SOC: How `awful' is `awful,' and is my `awful' the same as yours?"

From: Chris Rasch (crasch@openknowledge.org)
Date: Mon Apr 23 2001 - 12:50:15 MDT


N.Y. Times
January 2, 2001

Researcher Challenges a Host of Psychological Studies

By ERICA GOODE

Here is the problem, as Dr. Linda Bartoshuk sees it: Say that two men,
call them Richard and John, are both suffering from depression, and a
researcher wants to find out if a particular medication will offer them
relief.

Asked to rate the intensity of his depression on a scale of 1 to 10,
Richard selects a 6. John, given the same rating scale, also picks a 6.
But does he feel the same degree of depression as John?

Many researchers, said Dr. Bartoshuk, a psychologist at the Yale
University School of Medicine and an expert on taste perception, assume
the answer is yes, that, in effect, a 6 is a 6 is a 6.

But in fact, Dr. Bartoshuk said, nobody really knows, since depression,
like many internal experiences, is subjective.

And therein lies an error that compromises many psychological studies,
she
believes, perhaps calling their findings into question.

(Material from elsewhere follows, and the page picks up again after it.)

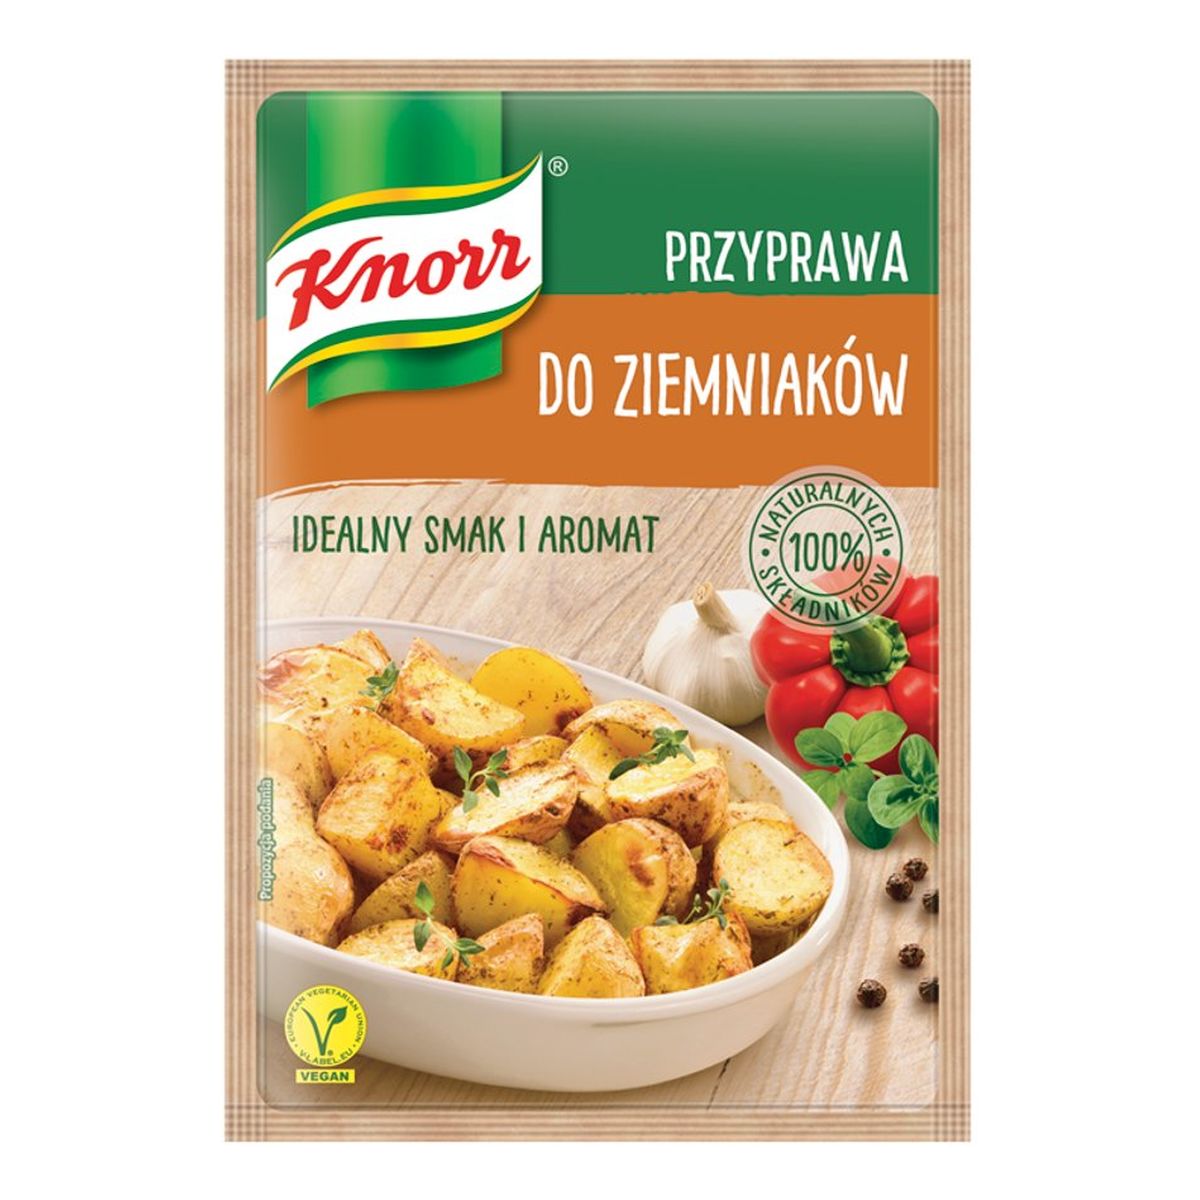 Knorr przyprawa do ziemniaków 23g

Dr. Bartoshuk has described the error which pops up in studies of
everything from depression and taste perception to pain, prejudice,
eating
disorders and self-esteem at several professional meetings. And she has
written several papers detailing how the mistake is made.

But not all of her colleagues have reacted with gratitude.

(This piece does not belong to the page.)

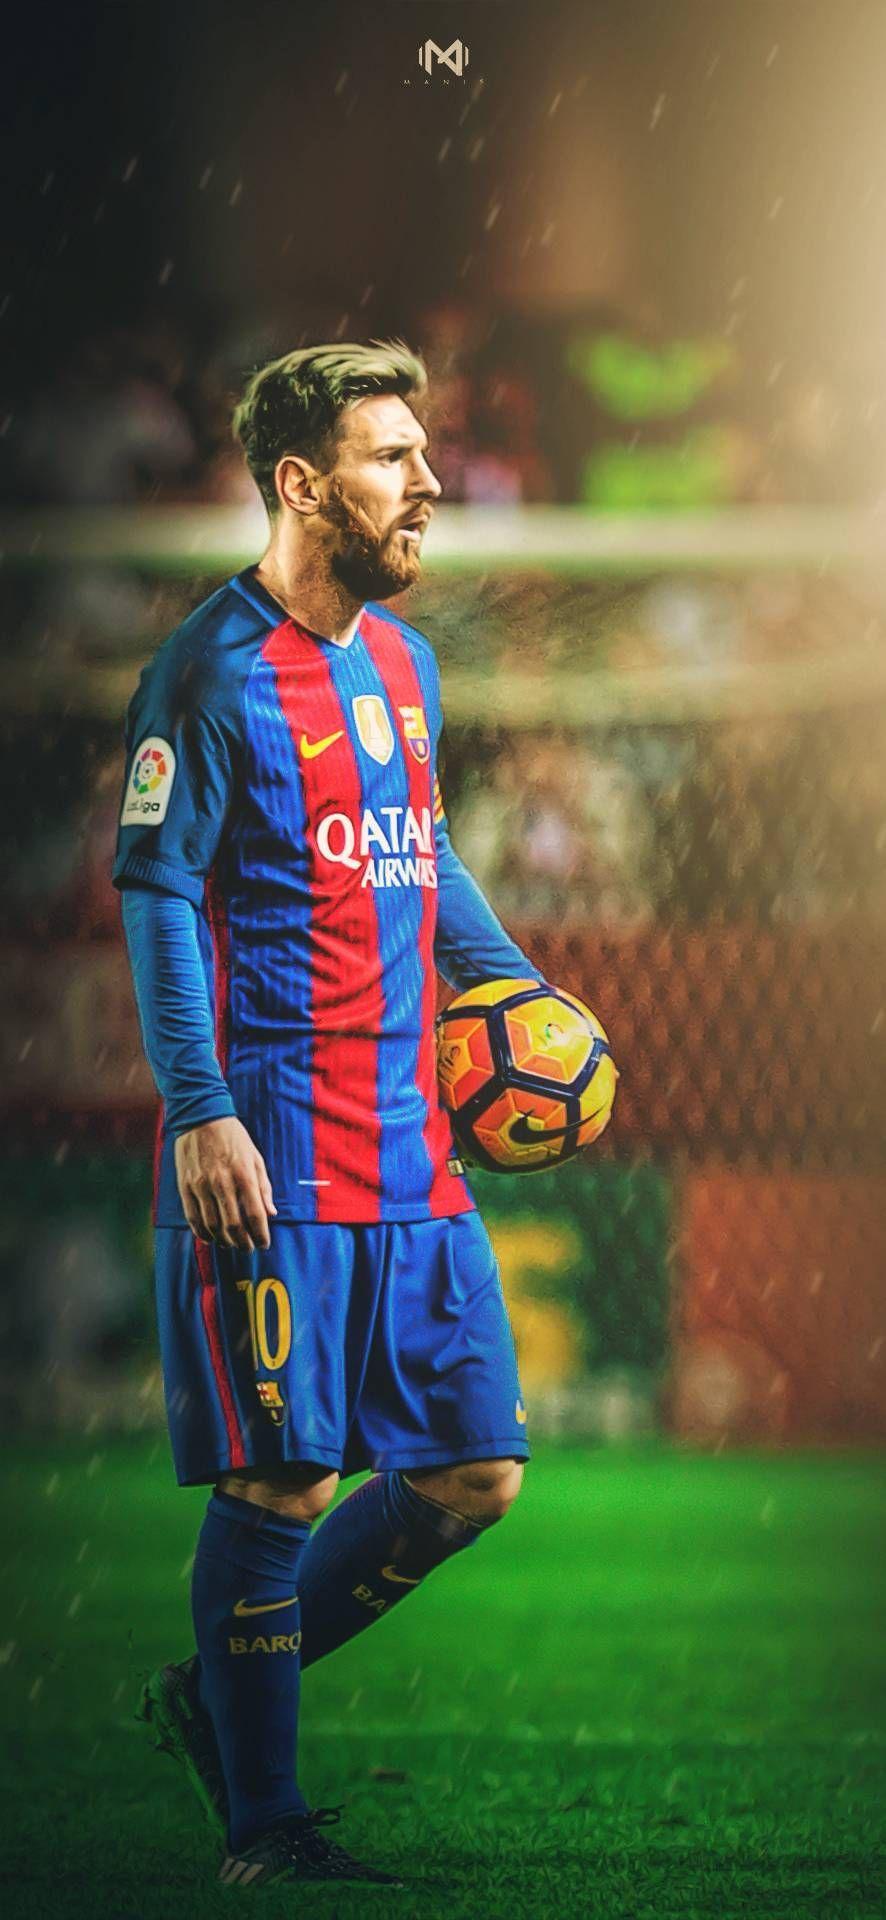 Những hình nền Messi full HD sẽ khiến bạn trầm trồ ngợi khen về độ tinh tế và sắc nét của chúng. Ngắm nhìn những bức ảnh này và cảm nhận được sự hoàn hảo, đặc biệt là khi xem chúng trên màn hình lớn.

"There seems to be a lot of venom," Dr. Bartoshuk said. "I've gotten
nasty
letters that basically said I was a moron."

As Dr. Bartoshuk describes it, the problem is simple but easily
overlooked. It creeps in, she says, when researchers use a common
measurement technique, the rating scale, to compare different people's
subjective experiences. Undetected, it can produce distorted or even
backward results.

The problem can be corrected if studies are properly designed to take
account of the relative nature of the subject's responses, Dr.
Bartoshuk
said.

But in a review of eight volumes of the journal Physiology and Behavior,

Dr. Bartoshuk said, she found the error in 17 of 68 human studies that
used rating scales. In some cases, the mistake completely invalidated
the
studies' findings, she said.

Mapping the inner world is the goal of much psychological research. And

for many researchers, rating scales offer a convenient method to explore

what their research subjects are feeling and thinking.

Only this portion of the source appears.